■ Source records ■
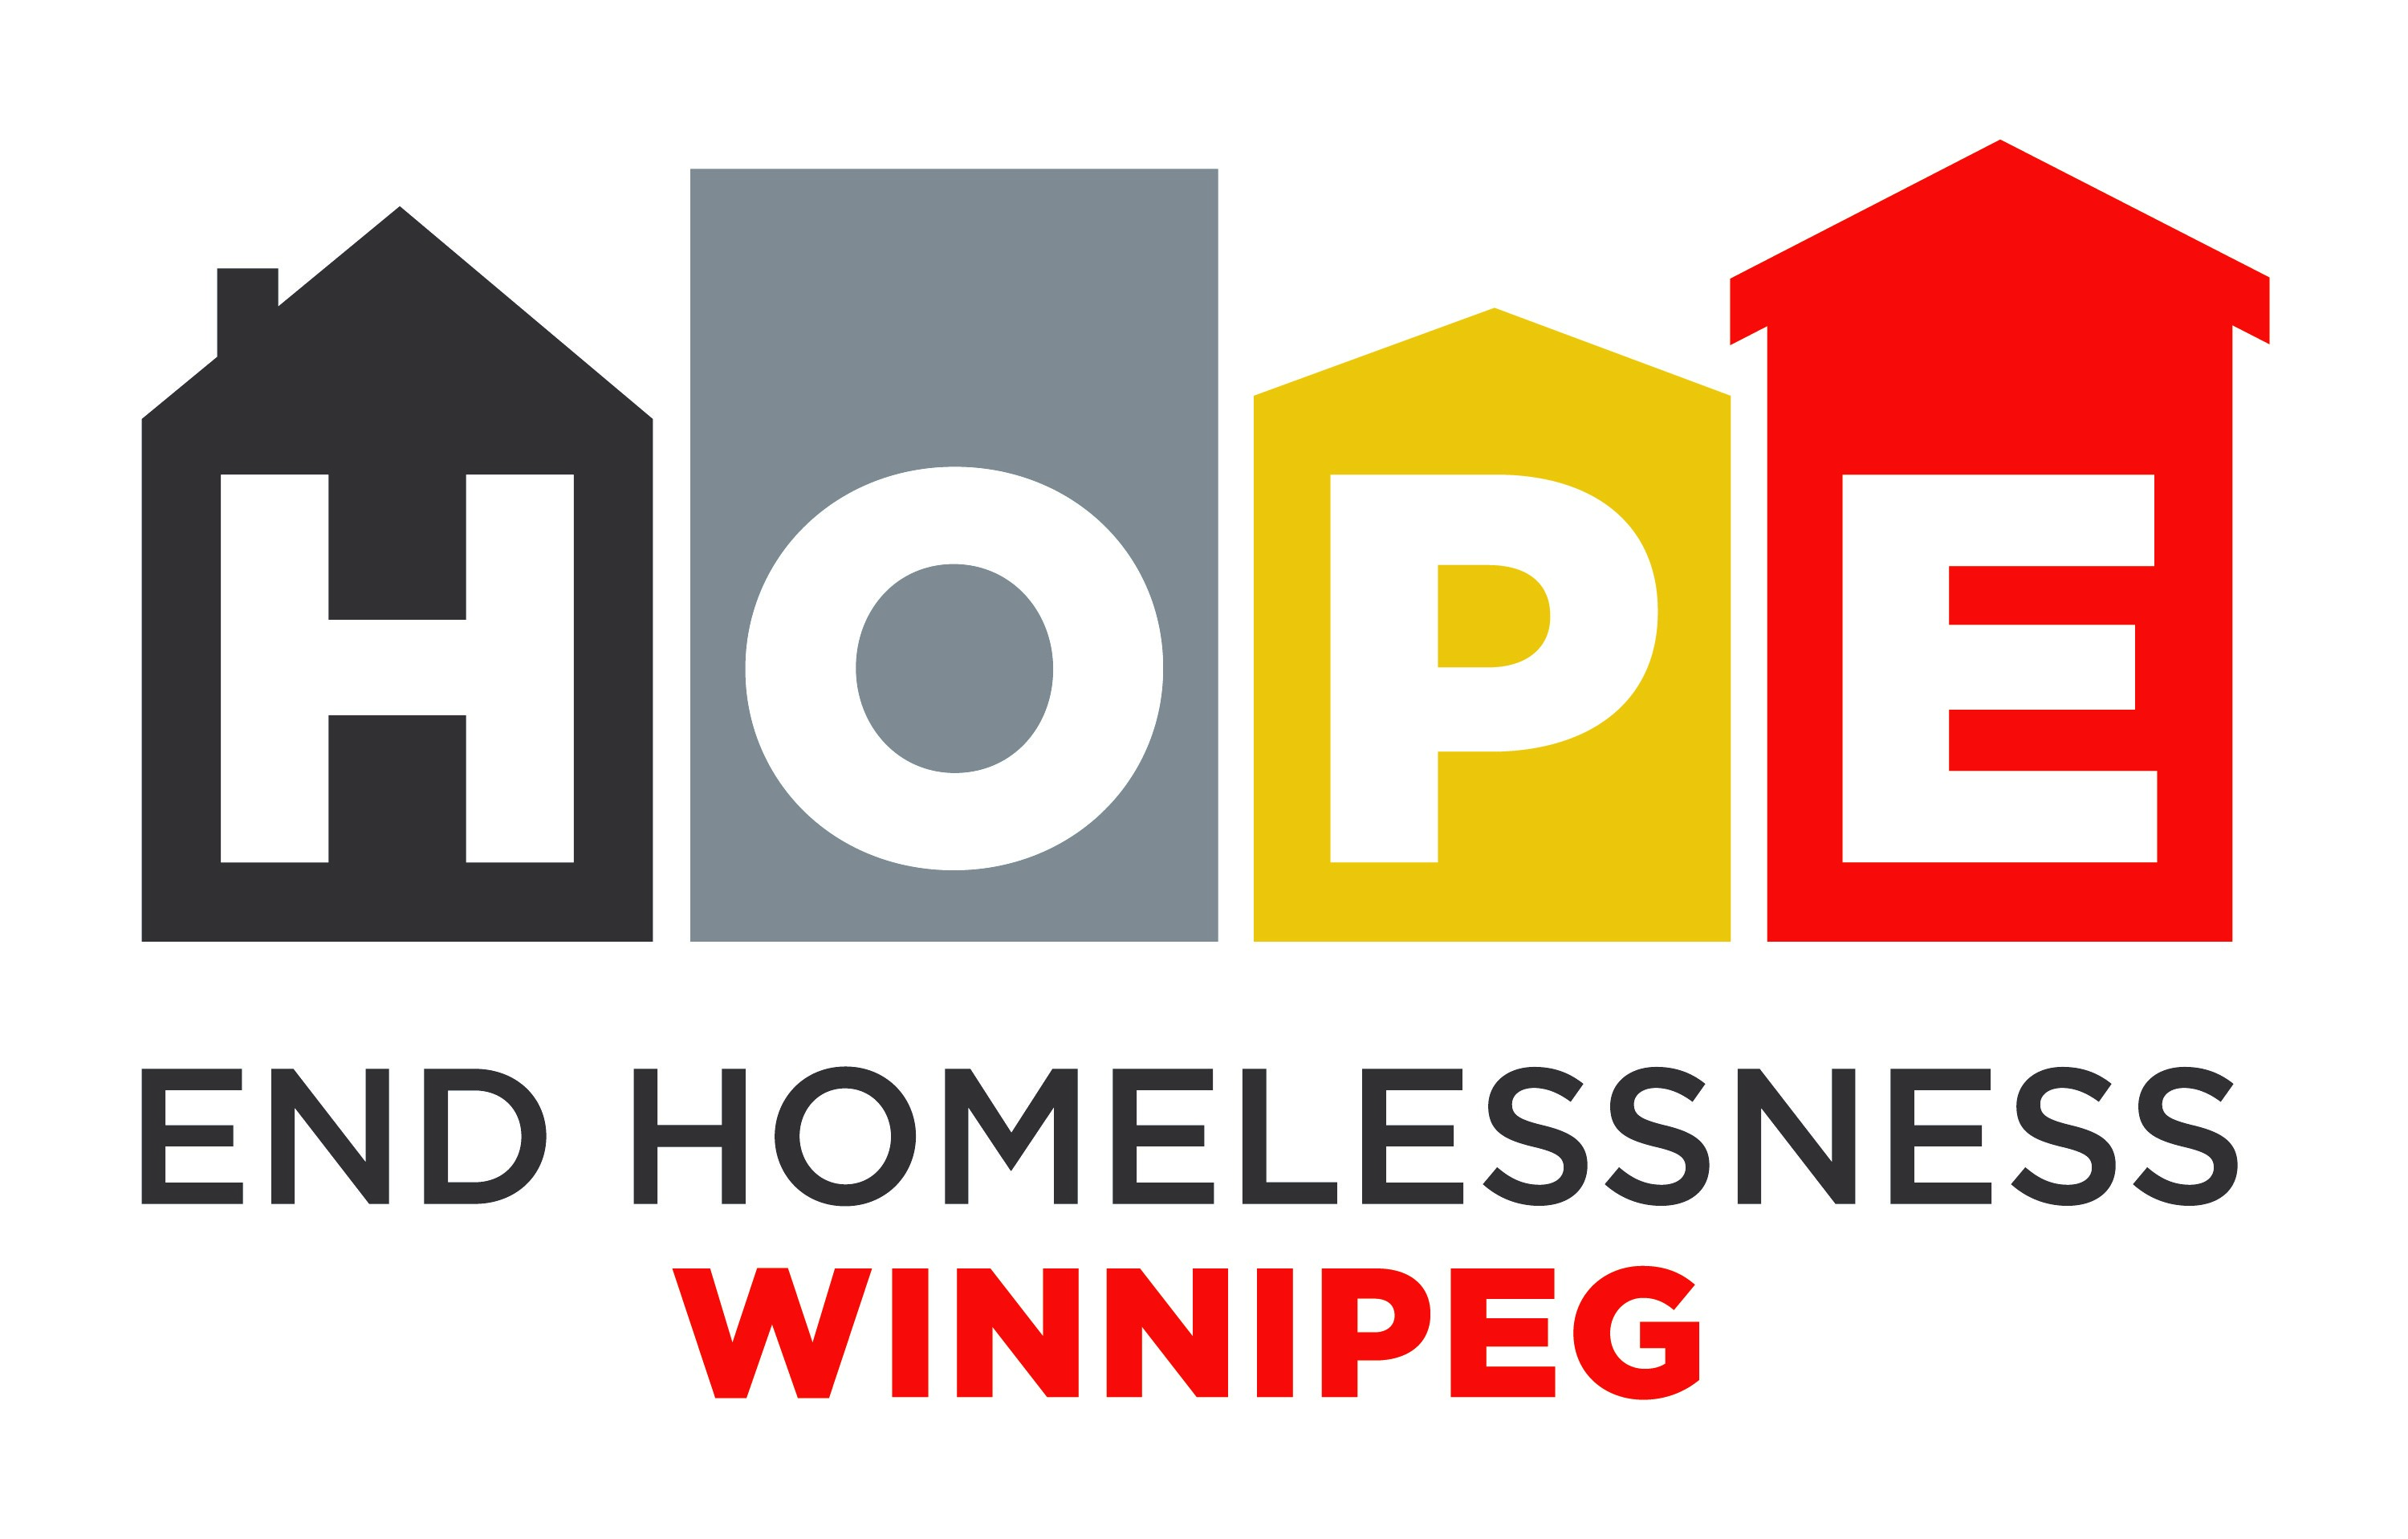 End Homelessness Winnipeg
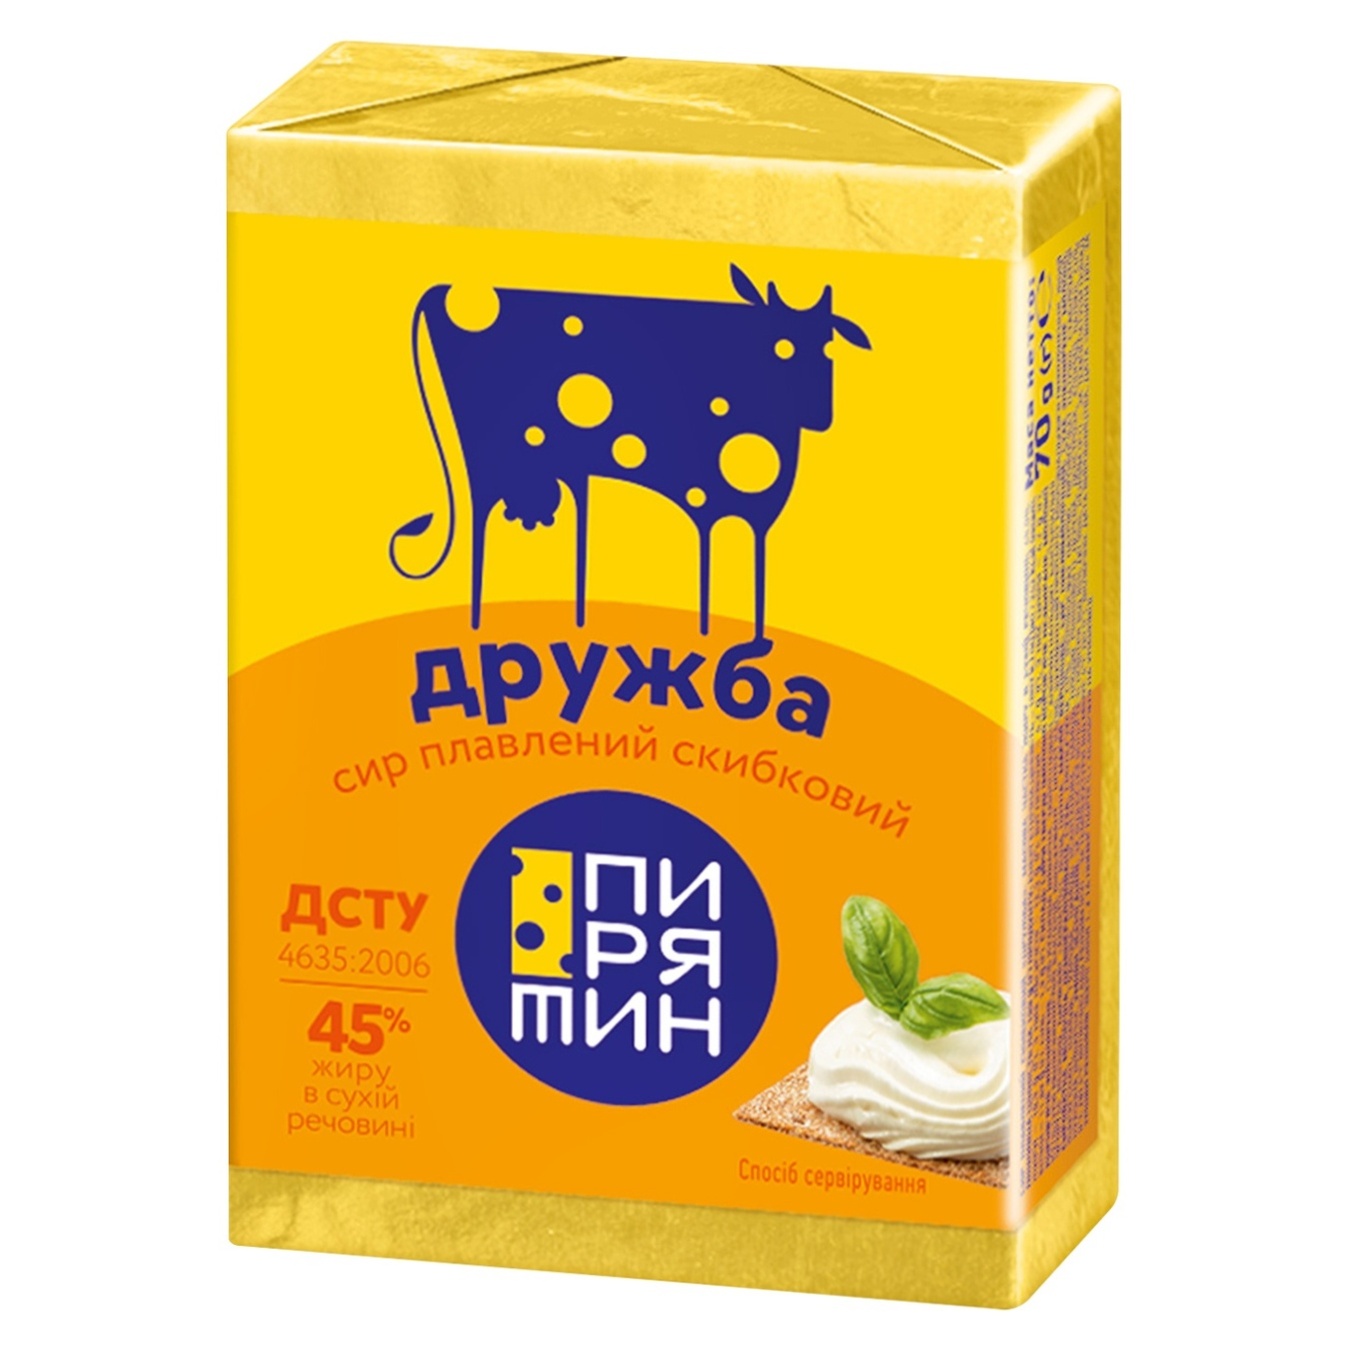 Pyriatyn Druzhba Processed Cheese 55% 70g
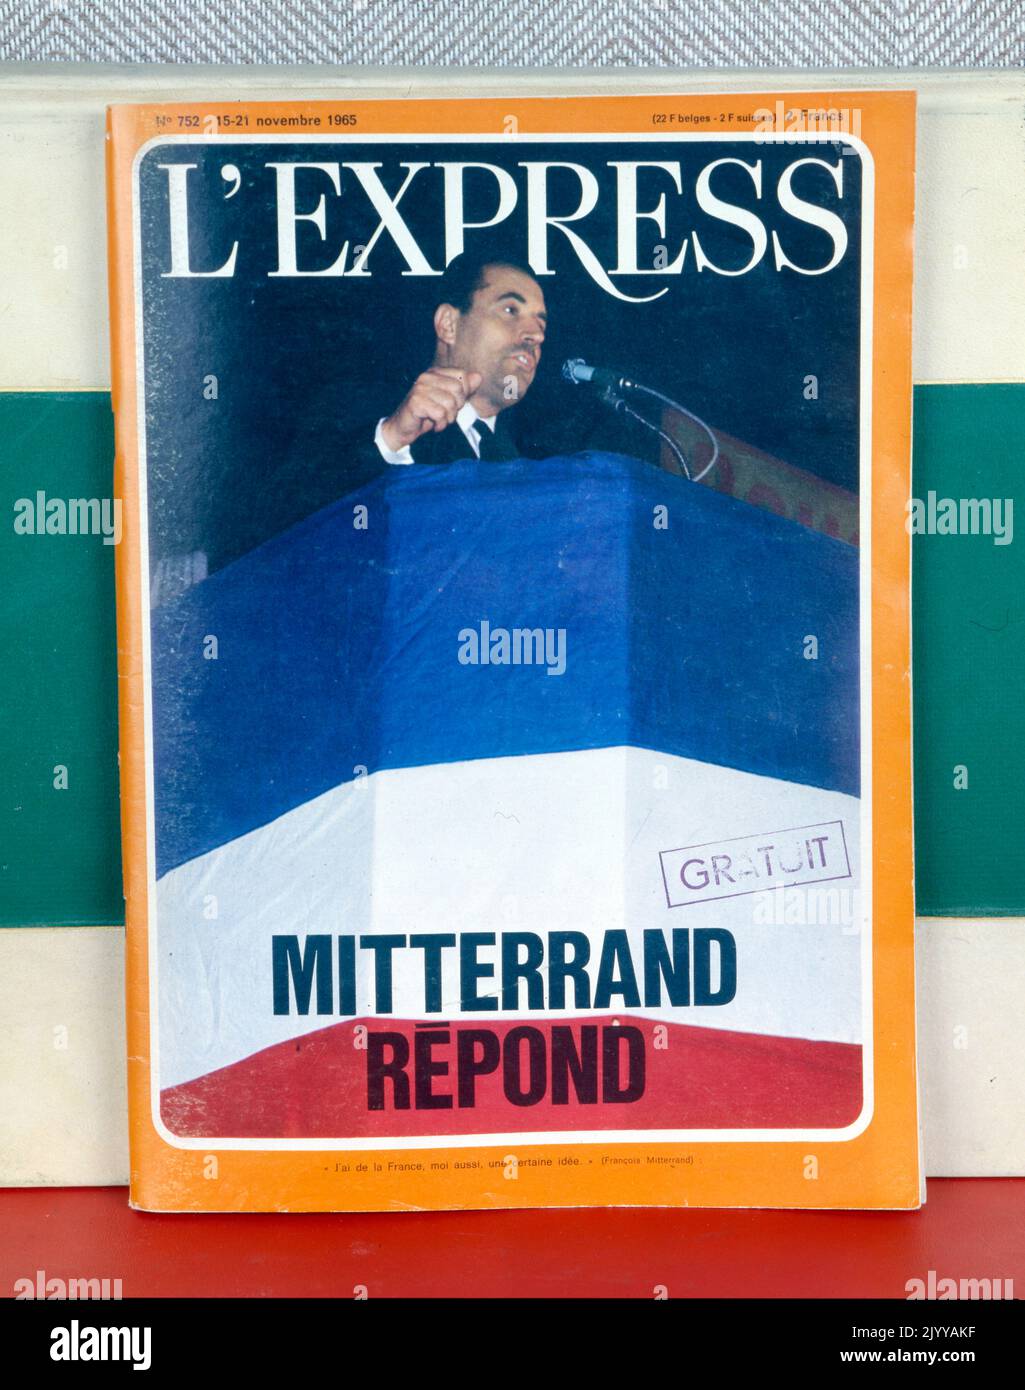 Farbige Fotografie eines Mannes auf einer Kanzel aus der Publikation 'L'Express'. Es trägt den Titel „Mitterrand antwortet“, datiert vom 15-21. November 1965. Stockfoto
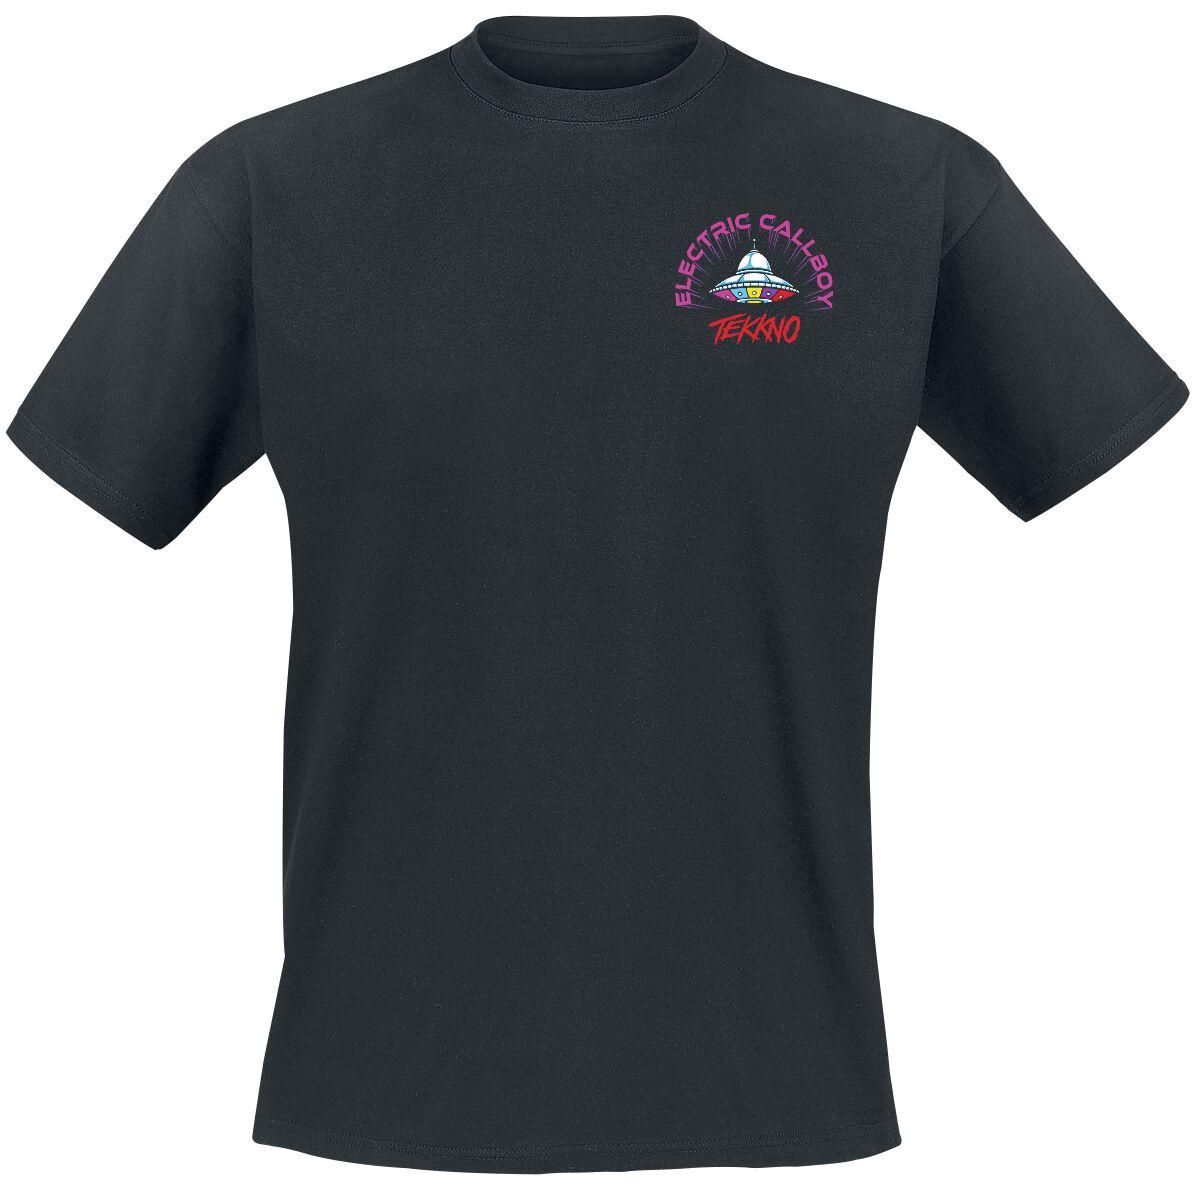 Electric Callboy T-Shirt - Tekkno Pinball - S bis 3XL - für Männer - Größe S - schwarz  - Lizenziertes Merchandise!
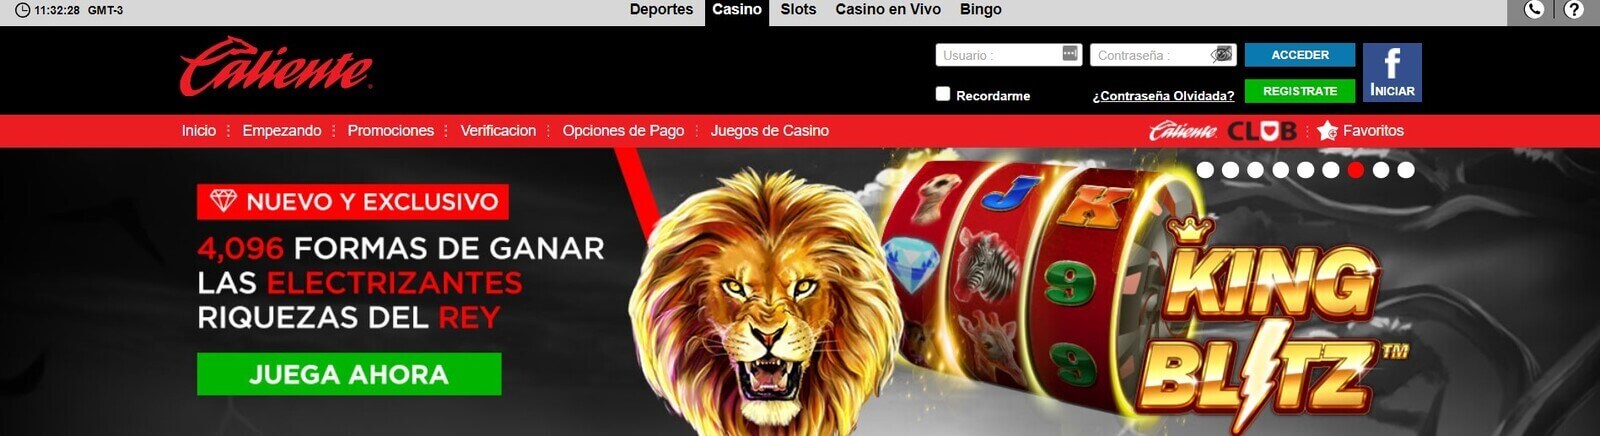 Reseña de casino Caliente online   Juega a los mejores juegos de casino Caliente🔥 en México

■ Exercise aim ■
Copy the entries exactly. Leave the pictures out.

■ Result for this exercise ■
 End Homelessness Winnipeg
 Pyriatyn Druzhba Processed Cheese 55% 70g
 Farbige Fotografie eines Mannes auf einer Kanzel aus der Publikation 'L'Express'. Es trägt den Titel „Mitterrand antwortet“, datiert vom 15-21. November 1965. Stockfoto
 Electric Callboy T-Shirt - Tekkno Pinball - S bis 3XL - für Männer - Größe S - schwarz  - Lizenziertes Merchandise!
 Reseña de casino Caliente online   Juega a los mejores juegos de casino Caliente🔥 en México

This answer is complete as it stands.